Re: [ovs-dev] [PATCH v2] bond: Fix broken rebalancing after link state changes.

2021-07-16 Thread Ilya Maximets
On 7/16/21 1:51 AM, Ben Pfaff wrote:
> On Tue, Jul 13, 2021 at 05:32:06PM +0200, Ilya Maximets wrote:
>> There are 3 constraints for moving hashes from one member to another:
>>
>>   1. The load difference exceeds ~ 3% of the load of one member.
>>   2. The difference in load between members exceeds 100,000 bytes.
>>   3. Moving the hash reduces the load difference by more than 10%.
>>
>> In the current implementation, if one of the members transitions to
>> the DOWN state, all hashes assigned to it will be moved to the other
>> members.  After that, if the member goes UP, it will wait for
>> rebalancing to get hashes.  But in case we have more than 10 equally
>> loaded hashes, it will never meet constraint # 3, because each hash
>> will handle less than 10% of the load.  The situation gets worse when
>> the number of flows grows and it is almost impossible to transfer any
>> hash when all 256 hash records are used, which is very likely when we
>> have few hundred/thousand flows.
>>
>> As a result, if one of the members goes down and back up while traffic
>> flows, it will never be used to transmit packets again.  This will not
>> be fixed even if we completely stop the traffic and start it again,
>> because the first two constraints will block rebalancing in the
>> earlier stages, while we have low traffic volume.
>>
>> Moving a single hash if the destination does not have any hashes,
>> as it was before commit c460a6a7bc75 ("ofproto/bond: simplifying the
>> rebalancing logic"), will not help, because a single hash is not
>> enough to make the difference in load less than 10% of the total load,
>> and this member will handle only that one hash forever.
>>
>> To fix this, let's try to move multiple hashes at the same time to
>> meet constraint # 3.
>>
>> The implementation includes sorting the "records" to be able to
>> collect records with a cumulative load close enough to the ideal value.
>>
>> Signed-off-by: Ilya Maximets 
> 
> I reread this and it still looks good to me.
> 
> I spotted one typo in a comment:
> 
> diff --git a/ofproto/bond.c b/ofproto/bond.c
> index b9bfa45493b8..c3e2083575b0 100644
> --- a/ofproto/bond.c
> +++ b/ofproto/bond.c
> @@ -1216,7 +1216,7 @@ choose_entries_to_migrate(const struct bond_member 
> *from, uint64_t to_tx_bytes,
>  }
>  
>  if (!cnt) {
> -/* There is no entry which load less than or equal to 'ideal_delta'.
> +/* There is no entry with load less than or equal to 'ideal_delta'.
>   * Lets try closest one.
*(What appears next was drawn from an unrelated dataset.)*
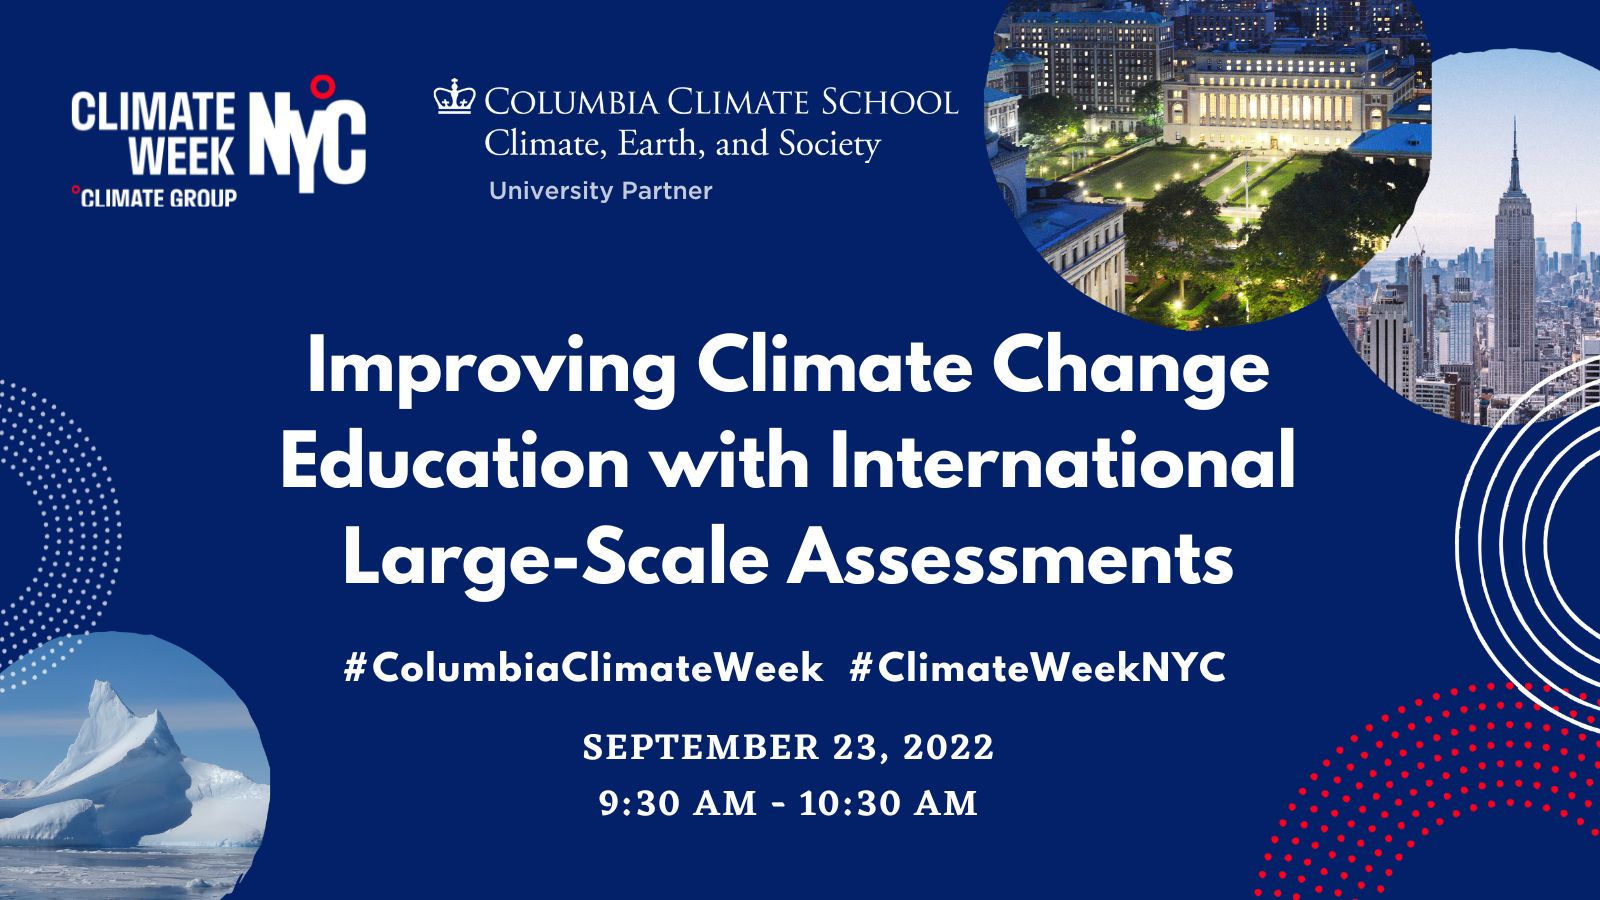 Event Flyer for Climate Week NYC | Improving Climate Change Education with International Large-Scale Assessments; For more details, refer to the event descriptions below.

The closest is the last in sorted list. */
>  struct bond_entry *closest;
>  
> 
> Acked-by: Ben Pfaff 
> 

Thanks!  I fixed that and a repeated 'to to' in the other comment
and applied to master.  I also backported to 2.15 as it applies
cleanly there.  Not sure about backporting to 2.13 though, because
it's kind of an algorithmic change.  I can do the backport later if
someone thinks that it's needed.

Best regards, Ilya Maximets.
___
dev mailing list
d...@openvswitch.org
https://mail.openvswitch.org/mailman/listinfo/ovs-dev


Re: [ovs-dev] [PATCH v2] bond: Fix broken rebalancing after link state changes.

2021-07-15 Thread Ben Pfaff
On Tue, Jul 13, 2021 at 05:32:06PM +0200, Ilya Maximets wrote:
> There are 3 constraints for moving hashes from one member to another:
> 
>   1. The load difference exceeds ~ 3% of the load of one member.
>   2. The difference in load between members exceeds 100,000 bytes.
>   3. Moving the hash reduces the load difference by more than 10%.
> 
> In the current implementation, if one of the members transitions to
> the DOWN state, all hashes assigned to it will be moved to the other
> members.  After that, if the member goes UP, it will wait for
> rebalancing to get hashes.  But in case we have more than 10 equally
> loaded hashes, it will never meet constraint # 3, because each hash
> will handle less than 10% of the load.  The situation gets worse when
> the number of flows grows and it is almost impossible to transfer any
> hash when all 256 hash records are used, which is very likely when we
> have few hundred/thousand flows.
> 
> As a result, if one of the members goes down and back up while traffic
> flows, it will never be used to transmit packets again.  This will not
> be fixed even if we completely stop the traffic and start it again,
> because the first two constraints will block rebalancing in the
> earlier stages, while we have low traffic volume.
> 
> Moving a single hash if the destination does not have any hashes,
> as it was before commit c460a6a7bc75 ("ofproto/bond: simplifying the
> rebalancing logic"), will not help, because a single hash is not
> enough to make the difference in load less than 10% of the total load,
> and this member will handle only that one hash forever.
> 
> To fix this, let's try to move multiple hashes at the same time to
> meet constraint # 3.
> 
> The implementation includes sorting the "records" to be able to
> collect records with a cumulative load close enough to the ideal value.
> 
> Signed-off-by: Ilya Maximets 

I reread this and it still looks good to me.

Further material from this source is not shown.